Embedding¶
Create¶
GUI¶
Navigate to Models -> Embeddings and click on the CREATE button on top-left. Choose the name for you embedding (Description). Define the query and select indices on which the query will be executed. If you leave Query empty, it will take all documents from the selected indices. If you have any searches defined in your project, they will appear in a dropdown menu if you click on the field Query - you can use existing searches as queries.
Choose fields on which the embedding will be trained. The selected fields should contain textual data.
Note
It is recommended to use lemmatized or tokenized data. Lemmatization is especially useful with morphologically complex languages. You can tokenize and lemmatize the data with MLP.
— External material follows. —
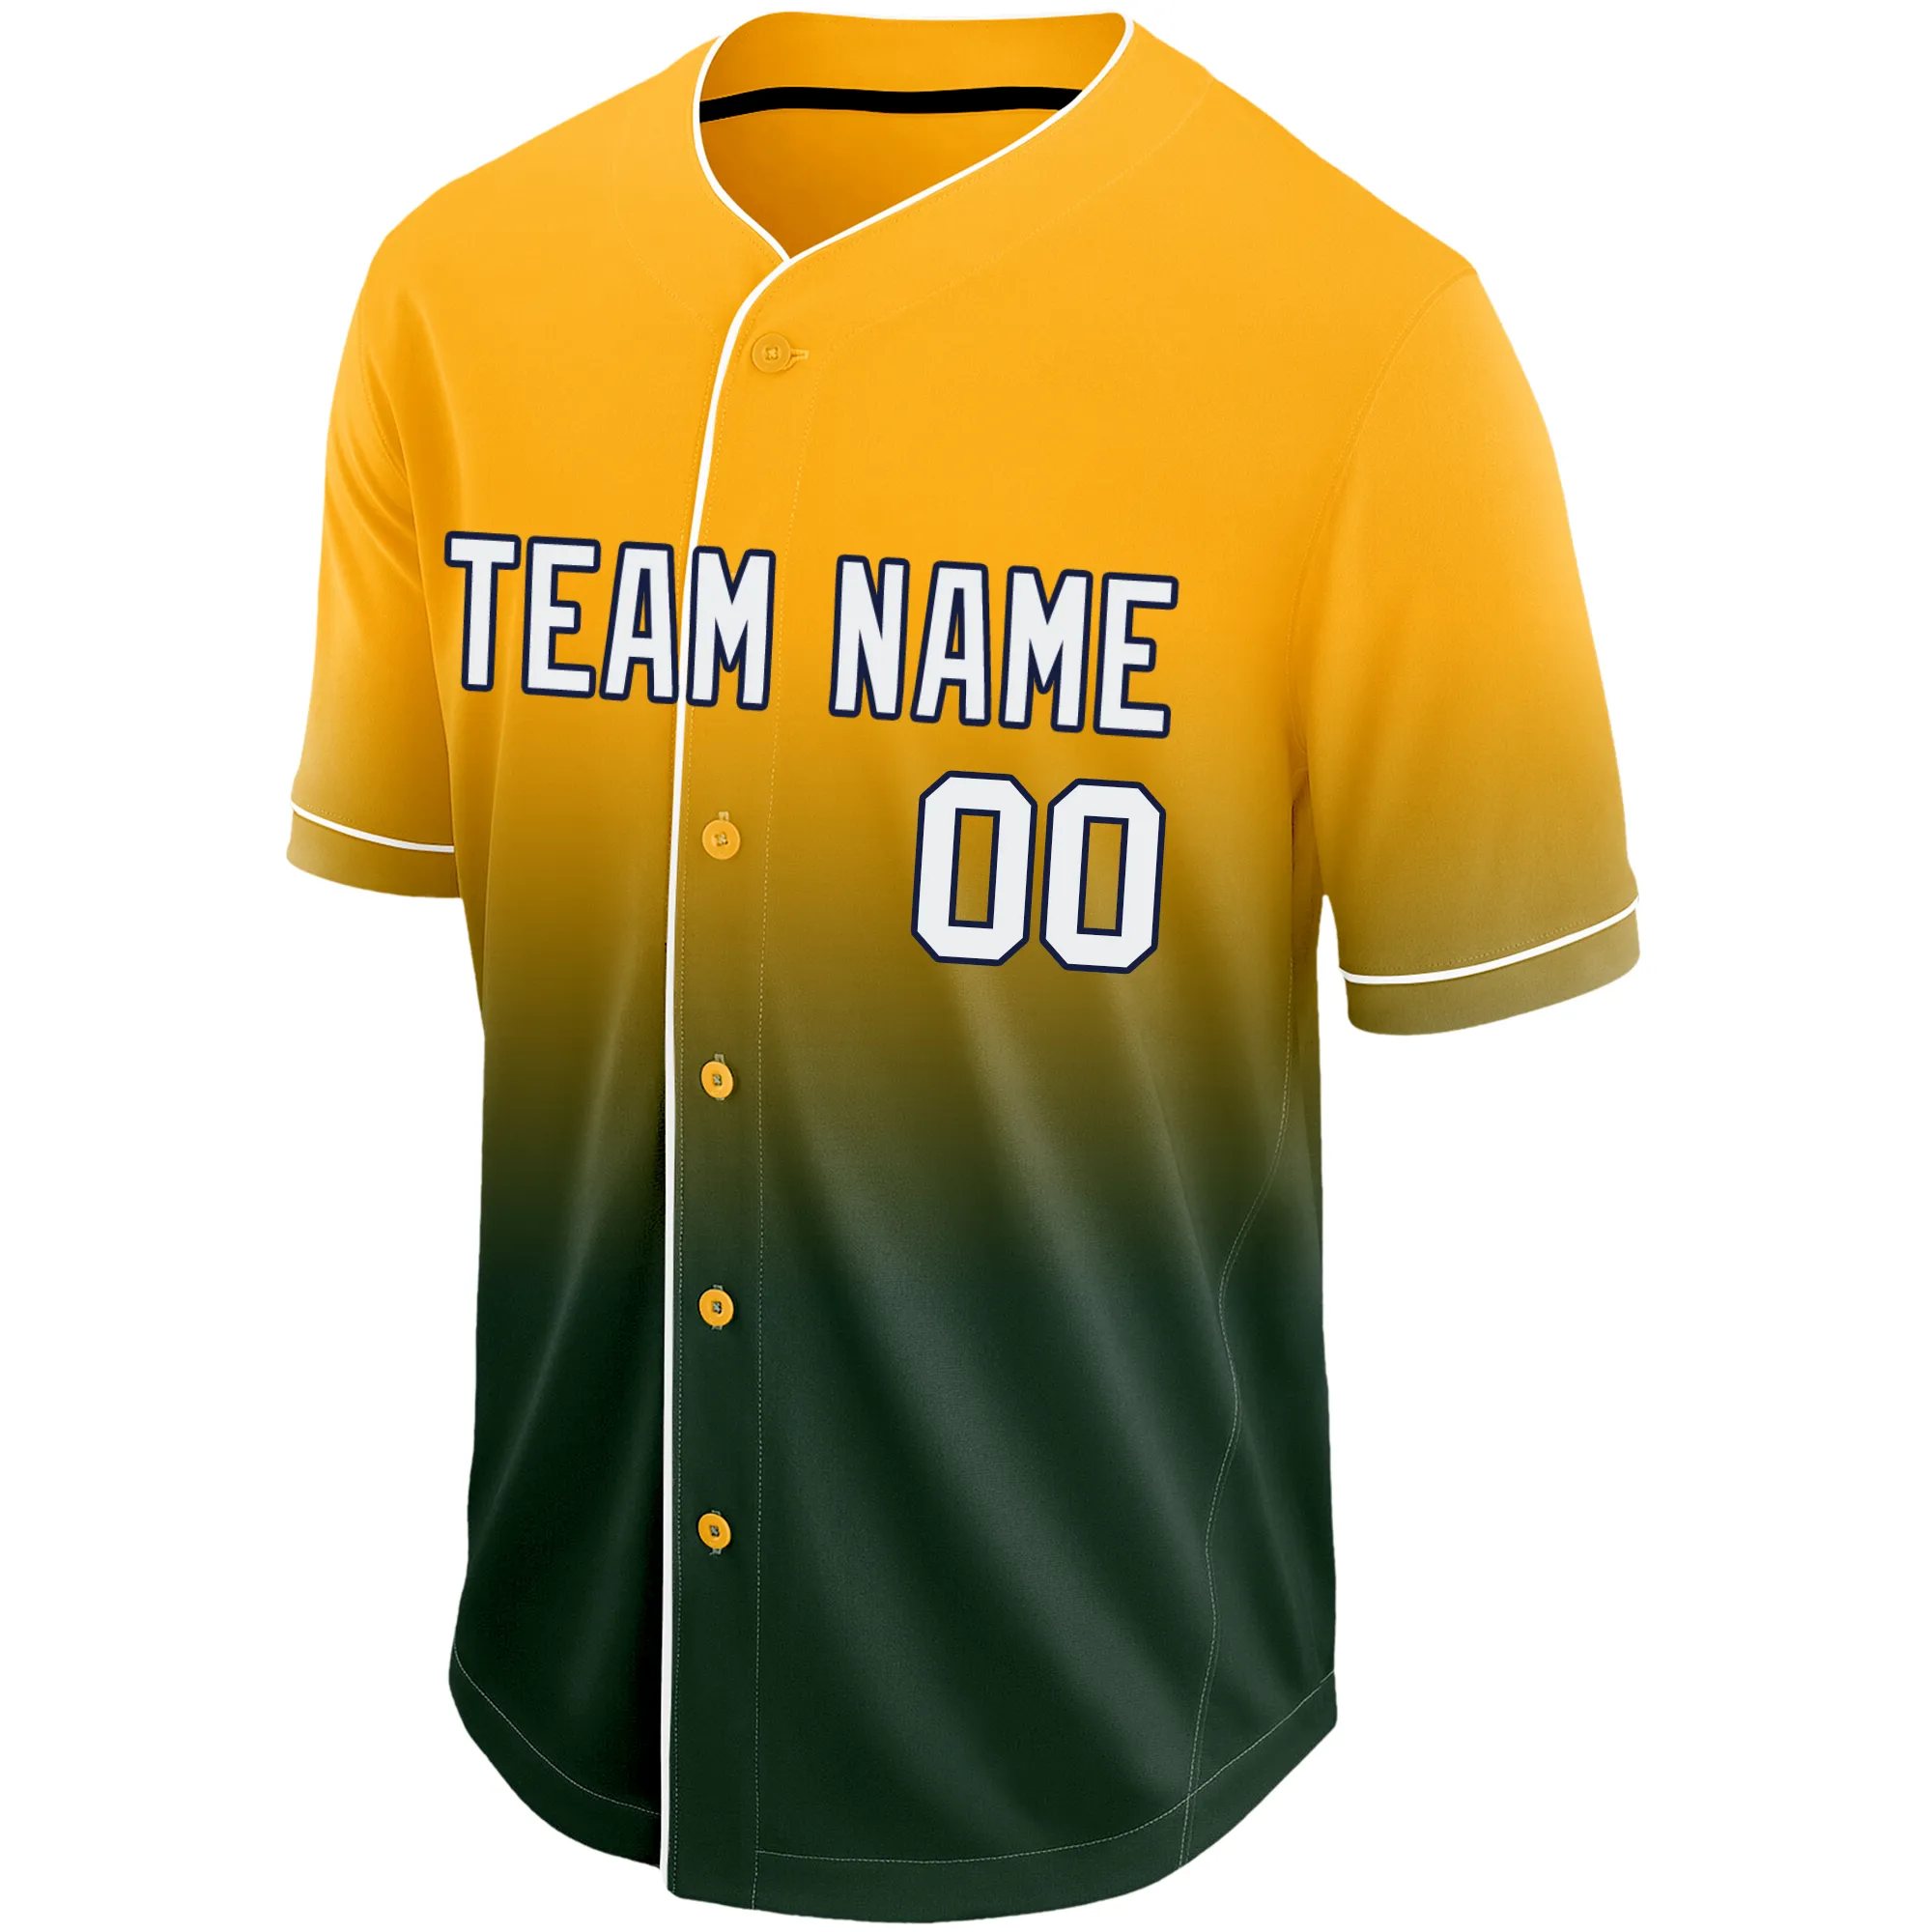 Personalizado Personalizado Jersey De Béisbol Sublimated Team Uniforme Softbol Para Hombre / / Niños 17,28 € | DHgate

Field Number of dimensions defines the length of the word vectors. 100-200 dimensions is usually a good place to start with. Field Minimum frequency sets how many times a word must occur in the data in minimum in order to get included into the embedding. Again, you can leave it with the default value 5 if you are unsure which value to pick.
Note
The quality of the embedding depends on the size of the dataset. The larger the better.
API¶
Endpoint: /projects/{project_pk}/embeddings/
Example:
curl -X POST "http://localhost:8000/api/v1/projects/11/embeddings/" \
-H "accept: application/json" \
-H "Content-Type: application/json" \
-H "Authorization: Token 8229898dccf960714a9fa22662b214005aa2b049" \
-d '{
"description": "My embedding",
"indices": [{"name": "texta_test_index"}],
"fields": ["comment_content_lemmas"],
"num_dimensions": 100,
"max_documents": 10000,
"min_freq": 5
}'
View¶
GUI¶
Navigate to Models -> Embeddings to view existing embedding. If any of your embeddings is still training, the view will show you the progress of the training (Fig. 59). Besides than that, the view shows you general information about your embeddings.
API¶
Endpoint: /projects/{project_pk}/embeddings/
Example:
curl -X GET "http://localhost:8000/api/v1/projects/9/embeddings/" \
-H "Authorization: Token 8229898dccf960714a9fa22662b214005aa2b049"
Delete¶
GUI¶
Navigate to Models -> Embeddings and click on the three dots under Actions column and choose Delete (Fig. 60).
API¶
Endpoint: /projects/{project_pk}/embeddings/{embedding_id}
Example:
curl -X DELETE "http://localhost:8000/api/v1/projects/9/embeddings/9/" \
-H "Authorization: Token 8229898dccf960714a9fa22662b214005aa2b049"
Edit¶
GUI¶
Navigate to Models -> Embeddings and click on the three dots under Actions column and choose Edit (Fig. 60).
API¶
Endpoint: /projects/{project_pk}/embeddings/{embedding_id}
curl -X PATCH "http://localhost:8000/api/v1/projects/9/embeddings/8/" \
-H "accept: application/json" \
-H "Content-Type: application/json" \
-H "Authorization: Token 8229898dccf960714a9fa22662b214005aa2b049" \
-d '{"description":"changed"}'
Apply phraser¶
GUI¶
Navigate to Models -> Embeddings, click on the three dots under Actions and choose Phrase (Fig. 60). Insert text that you want to phrase and click Post. You should see phrased version of the text (Fig. 61).
API¶
Endpoint: /projects/{project_pk}/embeddings/
Example:
curl -X POST "http://localhost:8000/api/v1/projects/9/embeddings/8/phrase_text/" \
-H "accept: application/json" \
-H "Content-Type: application/json" \
-H "Authorization: Token 8229898dccf960714a9fa22662b214005aa2b049" \
-d '{
"text": "Venus is the second planet from the Sun."
}'